= Input data =
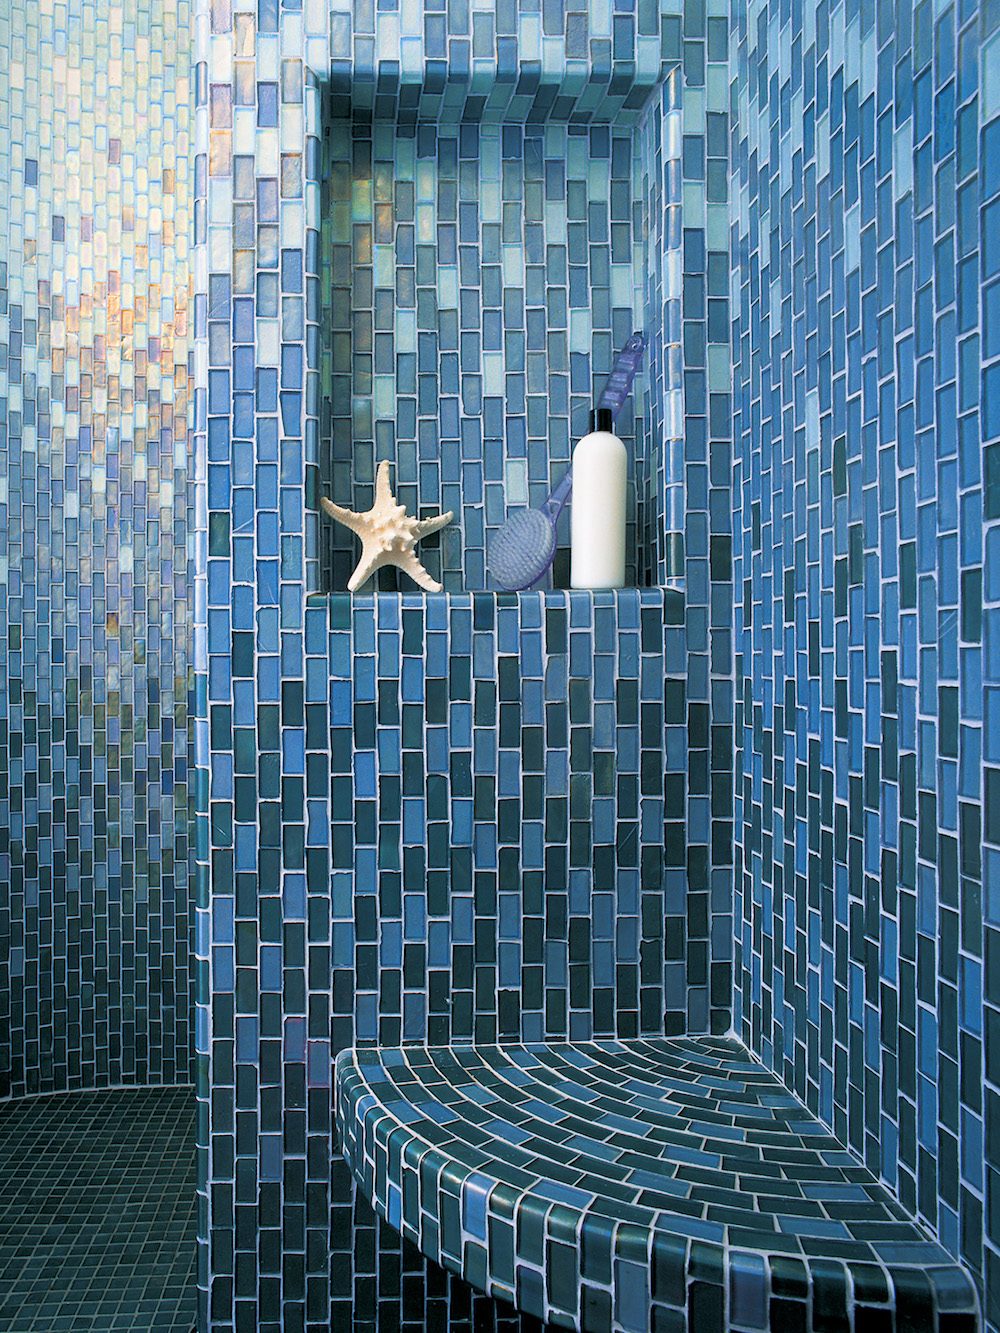 blue ombre tile bathroom with recessed wall nook for shampoo
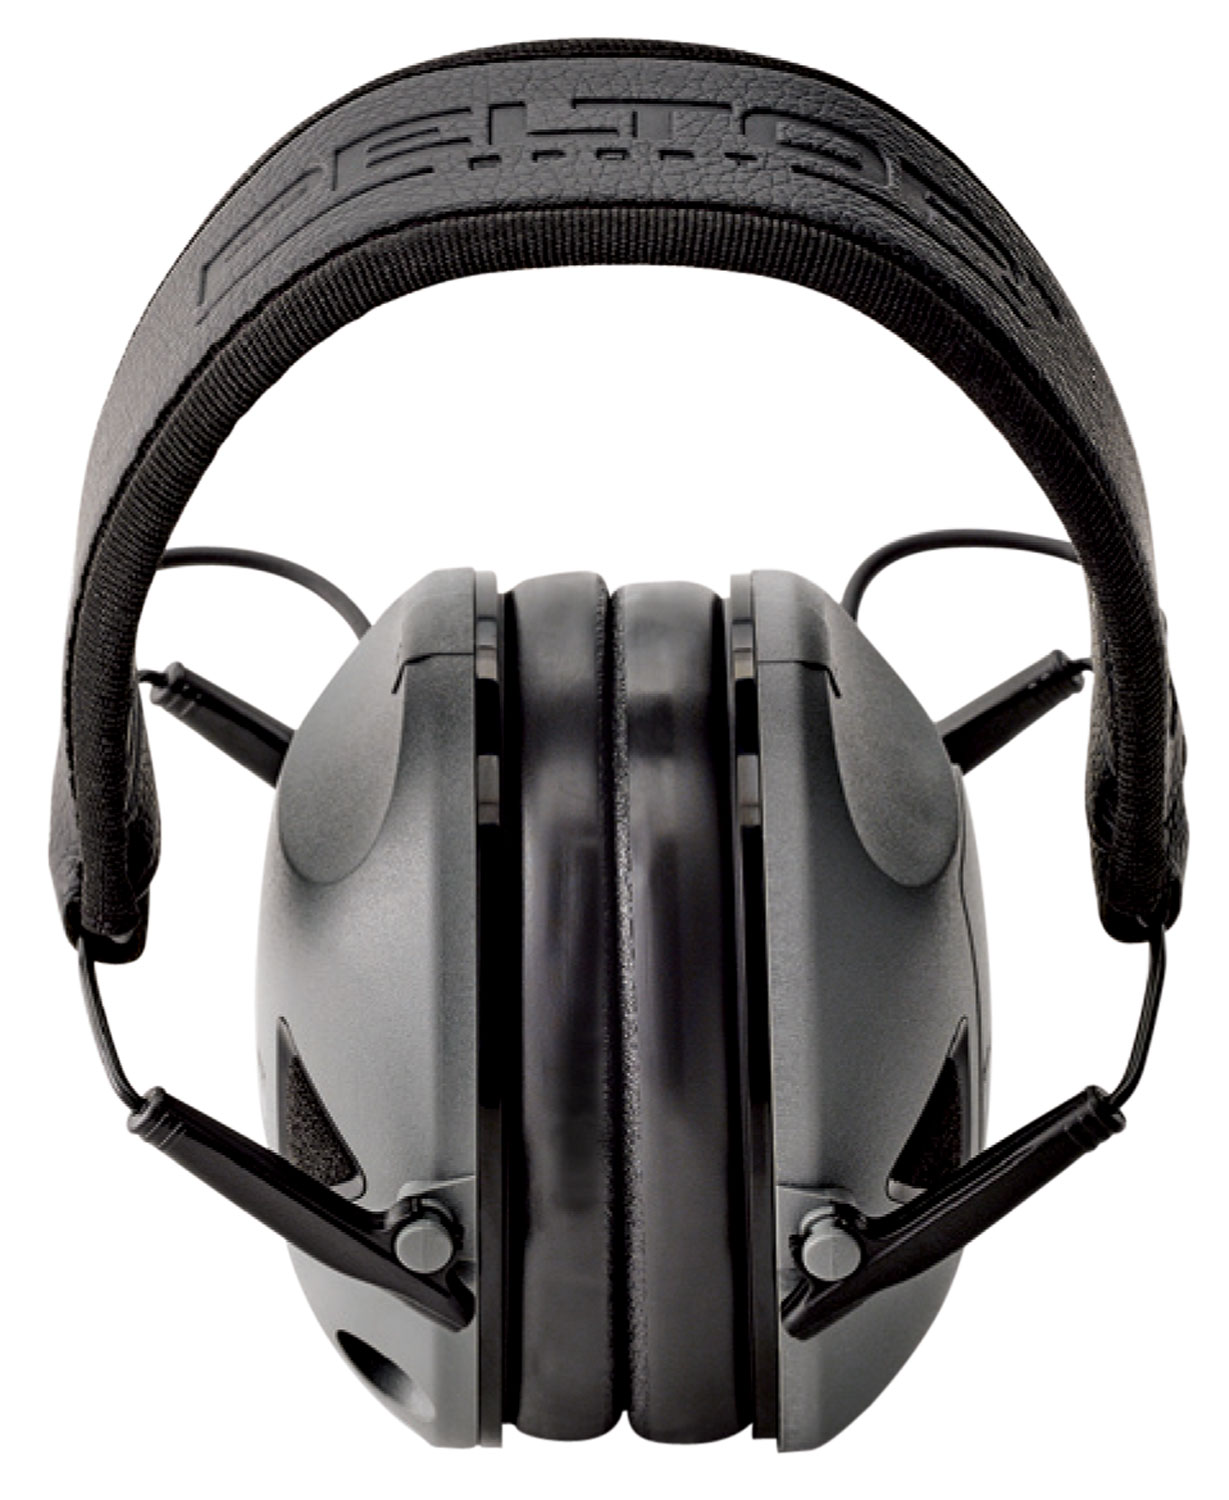 Peltor RGOTH4 Sport RangeGuard 21 dB Over the Head Gray Ear Cups with Adjustable Black Headband for Adults 1 Pair
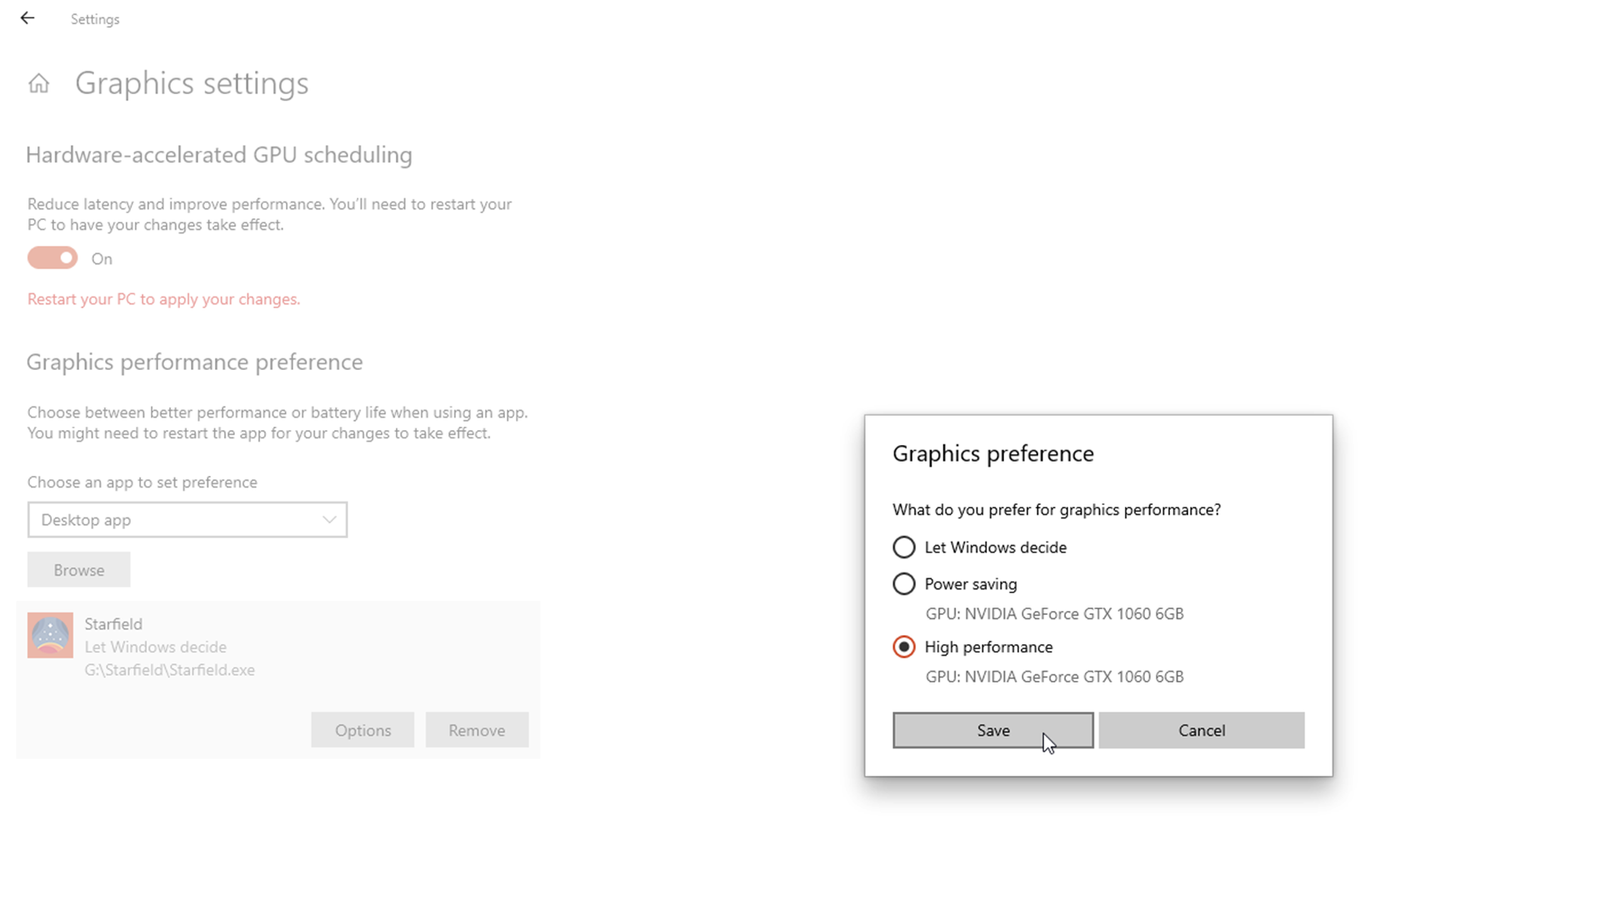 starfield graphics preferences settings
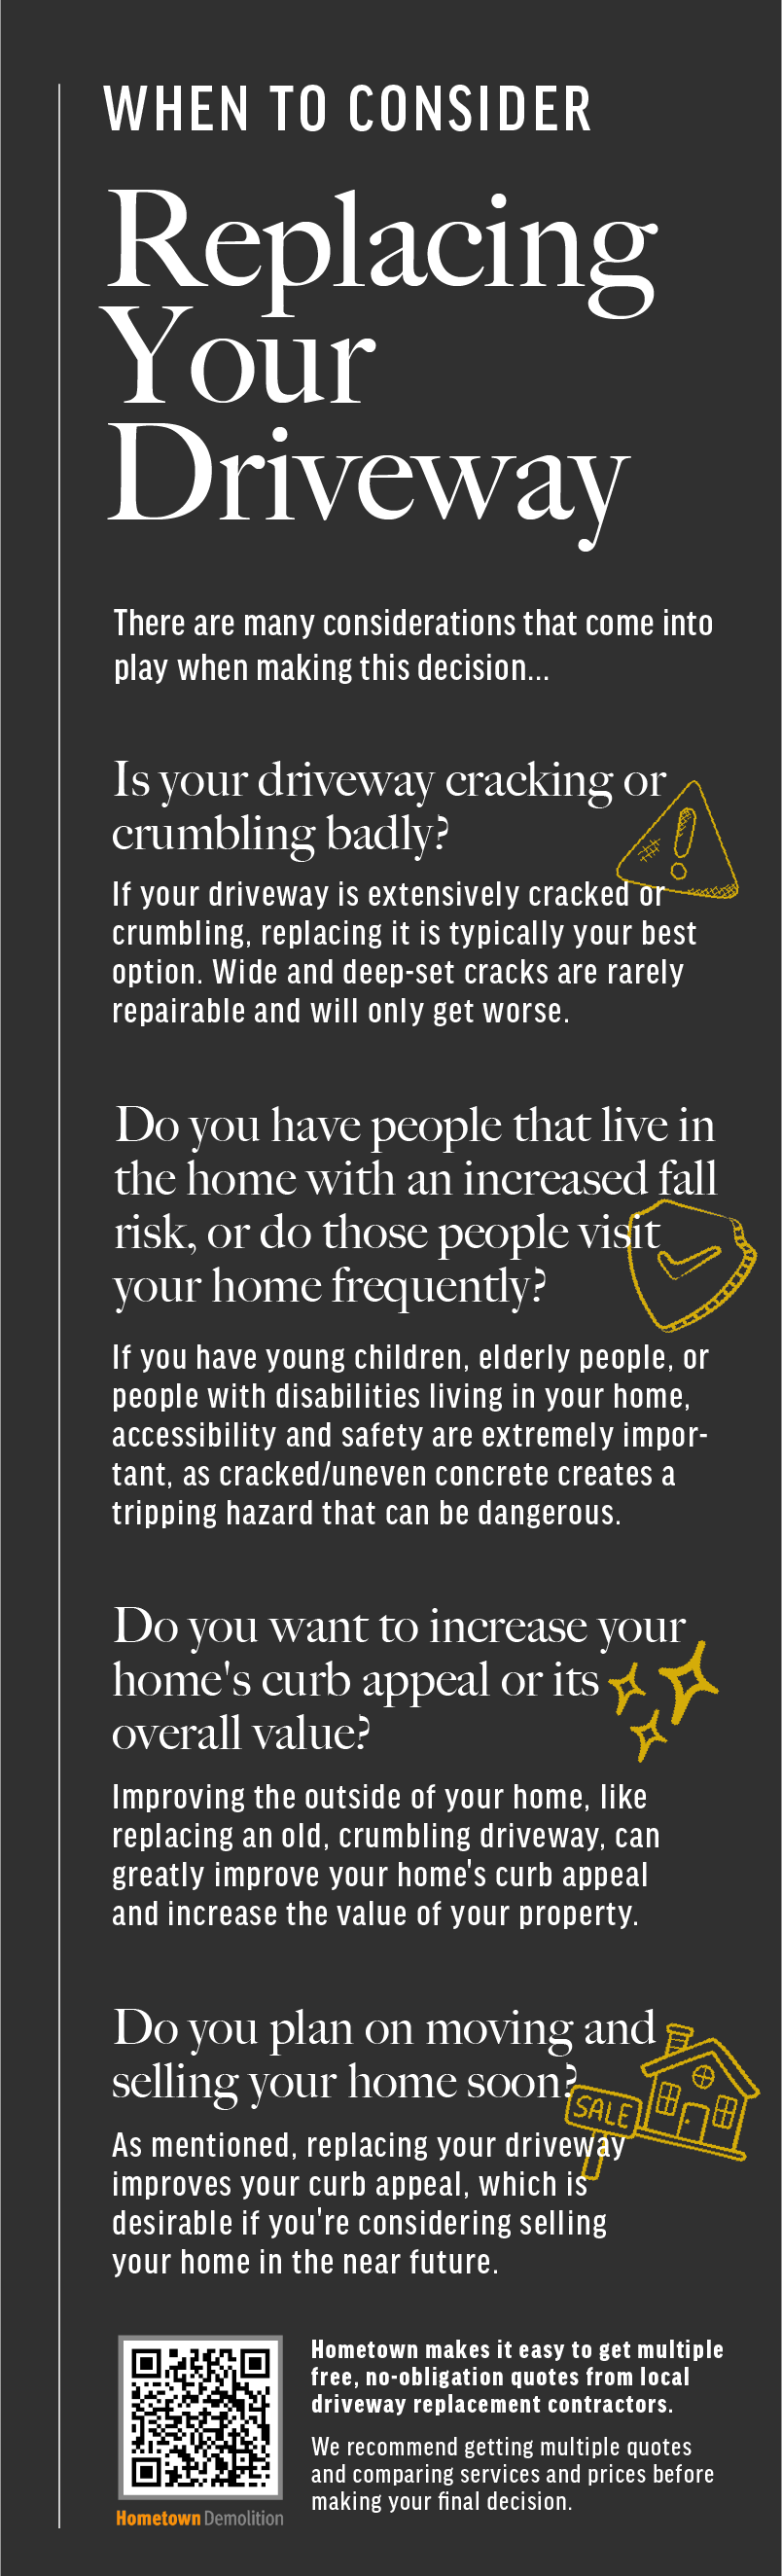 when to consider replacing driveway infographic

= Task to carry out =
I'd like the material repeated word for word, without the pictures it holds.

= Written answer =
 blue ombre tile bathroom with recessed wall nook for shampoo
 Peltor RGOTH4 Sport RangeGuard 21 dB Over the Head Gray Ear Cups with Adjustable Black Headband for Adults 1 Pair
 starfield graphics preferences settings
 when to consider replacing driveway infographic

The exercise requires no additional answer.